= Estonian Cricket League =

Organization based in Estonia

The Estonian Cricket League was formed in 2007 and takes place in Tallinn, Estonia.

The league consisted of four teams in one division. The four teams are as follows:

- Kalev Cricket Club' Captain: Andres Burget.
- Rocca Al Mare Rocks Cricket Club Captain: Andrew Meek.
- Tallinn Hippos Cricket Club Captain: Rob Brookes.
- Pikk Hermann Cricket Club Captain: Shivalingam Arunachalam.

The four teams are all based in Tallinn and played each other in a round robin format over the course of the Estonian cricket season.

Between 2013 and 2021 the Estonian domestic cricket league expanded to 12 teams competing across 2 competitions, T20 and 40 overs.

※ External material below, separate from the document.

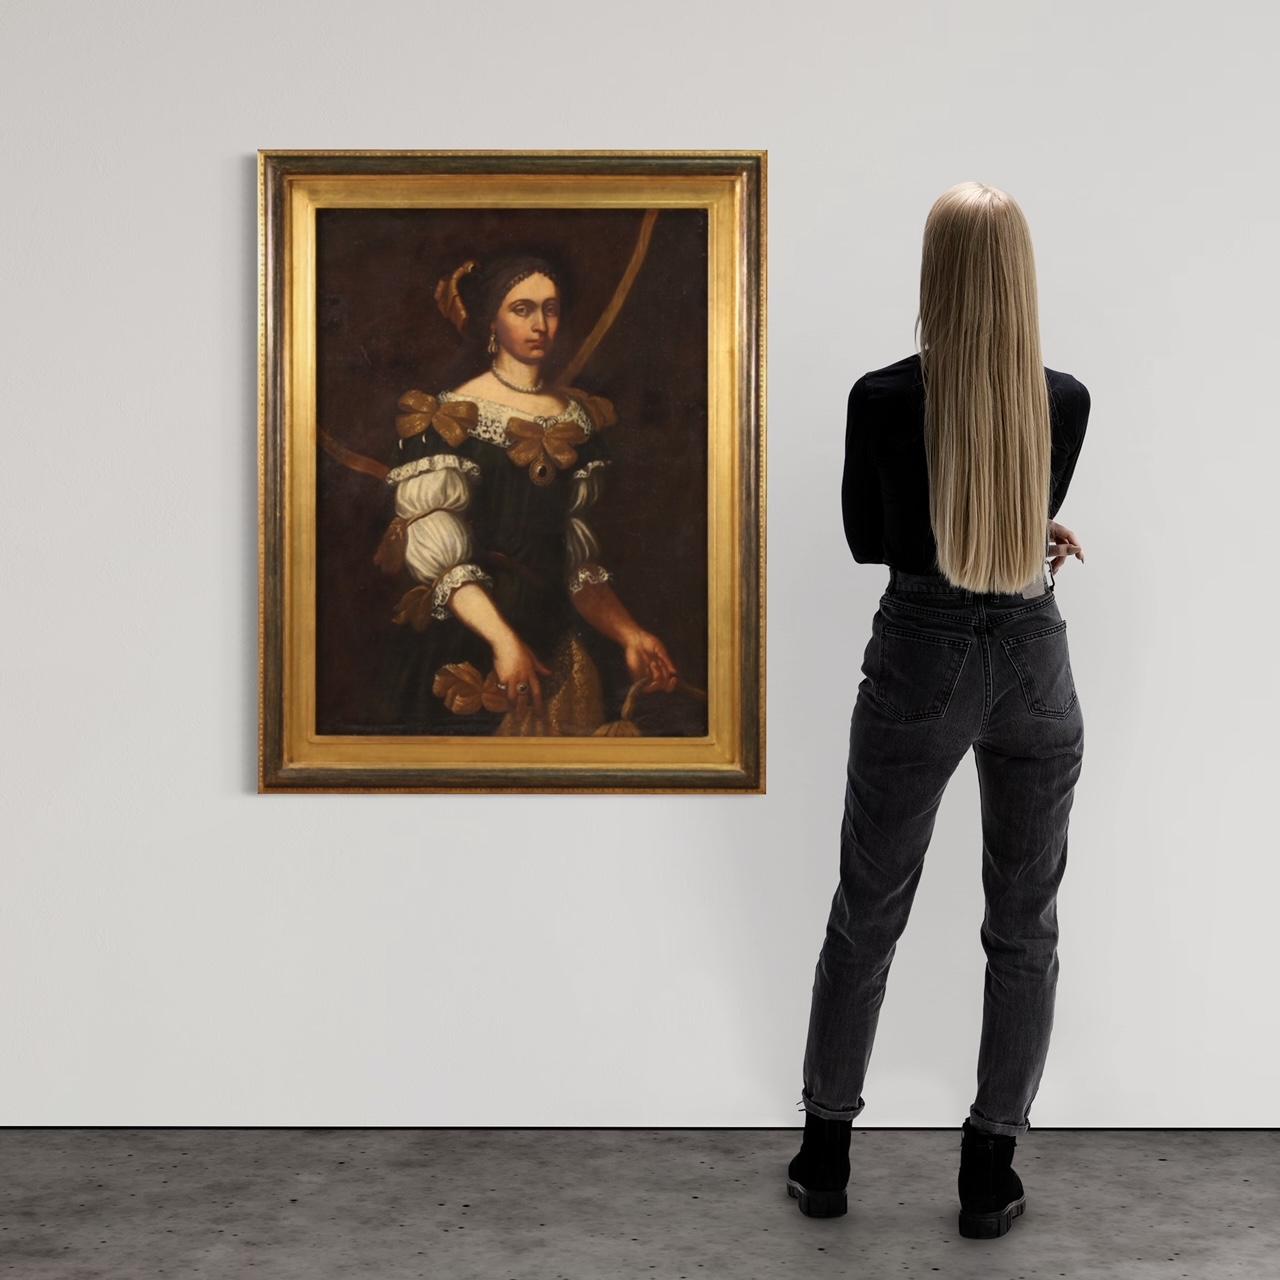 Peinture italienne ancienne de la première moitié du XVIIIe siècle. Huile sur toile représentant un portrait de femme, jeune femme noble en robe somptueuse, de bonne qualité picturale. Tableau de grande taille et de grand impact orné d'un cadre
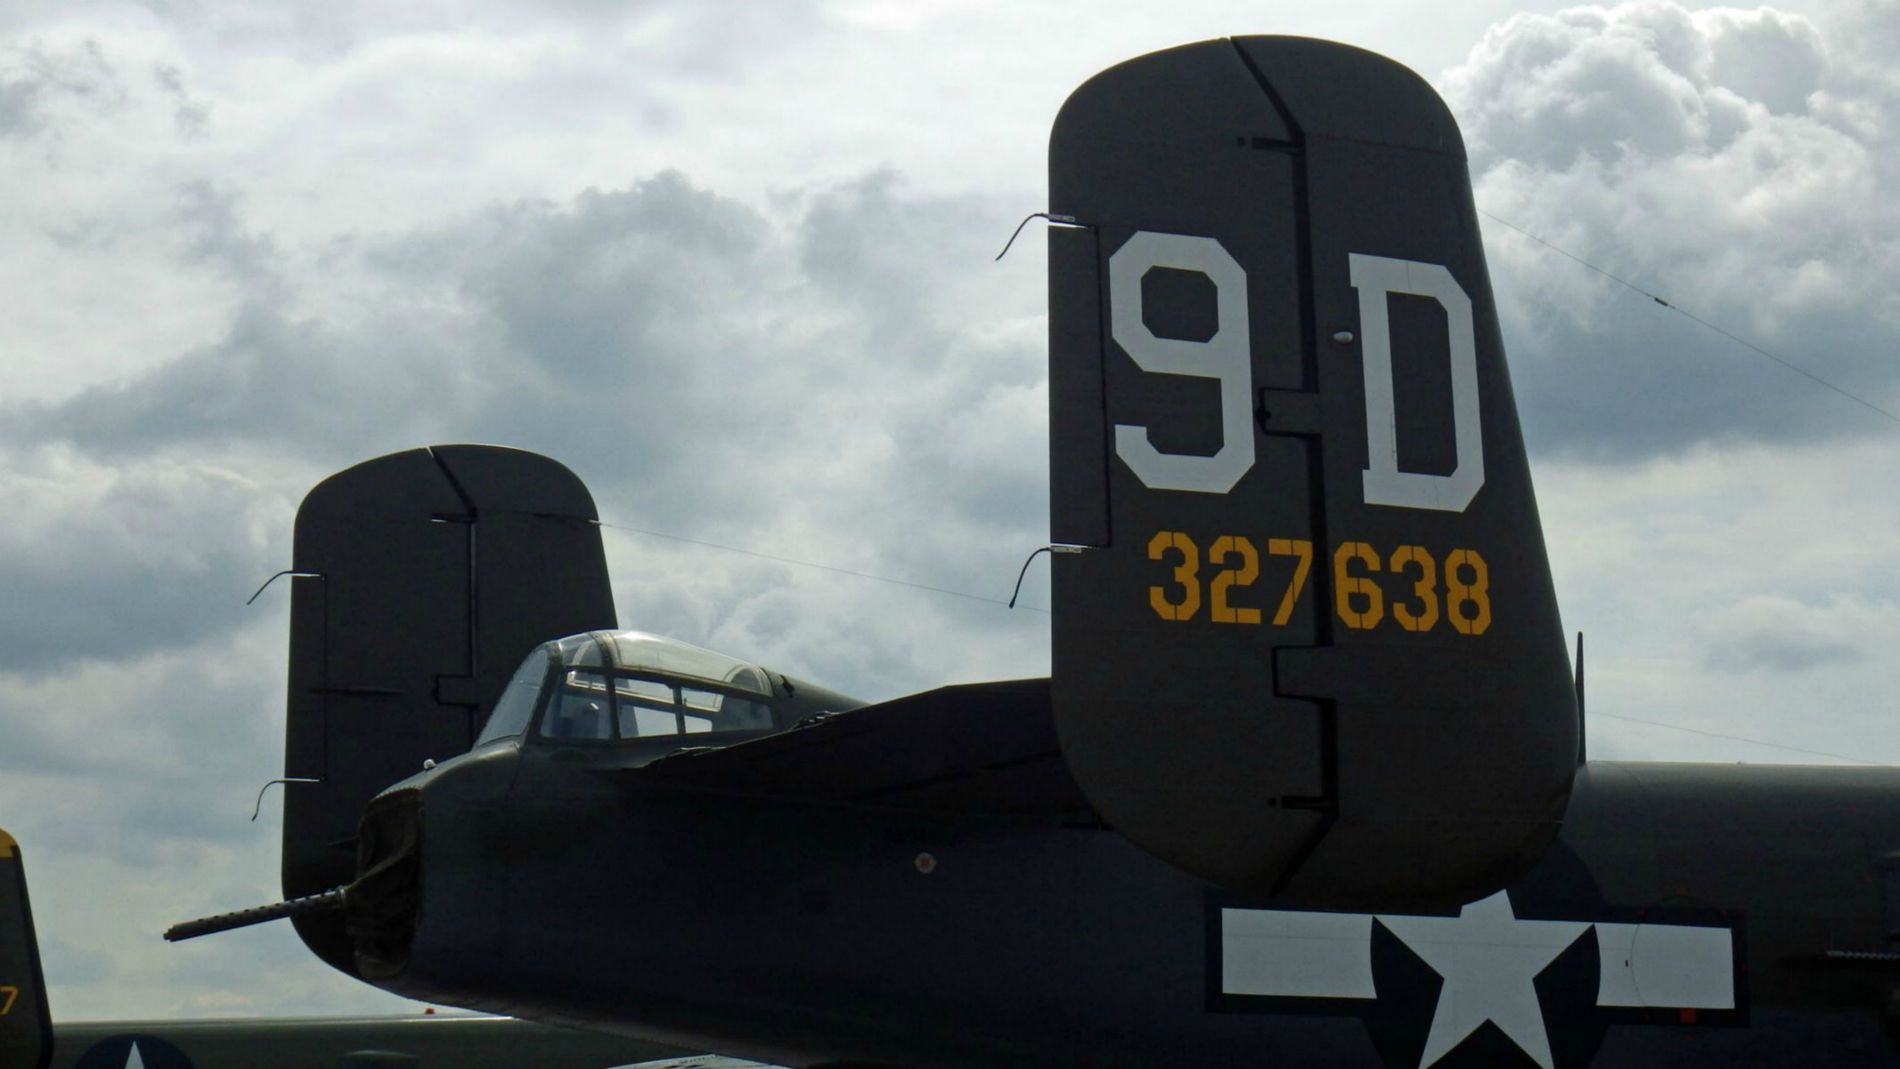 Mitchell B-25 tail.

In 2021 the 12 teams competing are:

- Tallinn Hippos
- Tallinn United
- Tallinn Strikers
- Tallinn Stallions
- Eesti Tigers
- Viking Stars
- Tartu KK
- Tartu Wolves
- Tallinn Riders
- Tallinn United Falcons
- eFP Eagles
- Tallinn Rising Stars

Players from the Estonian Cricket League are picked to play international cricket for the Estonia national cricket team. Players must be attached to a club team before they are eligible for selection to the national side. Being such a young cricket playing country, most of the players qualify for national selection under the ICC rules. The Estonian Cricket League has many players from many nationalities, but the majority have all lived in Estonia for four years or more.

The formation of an Estonian cricket league was an essential requirement for acceptance to ICC affiliate member status.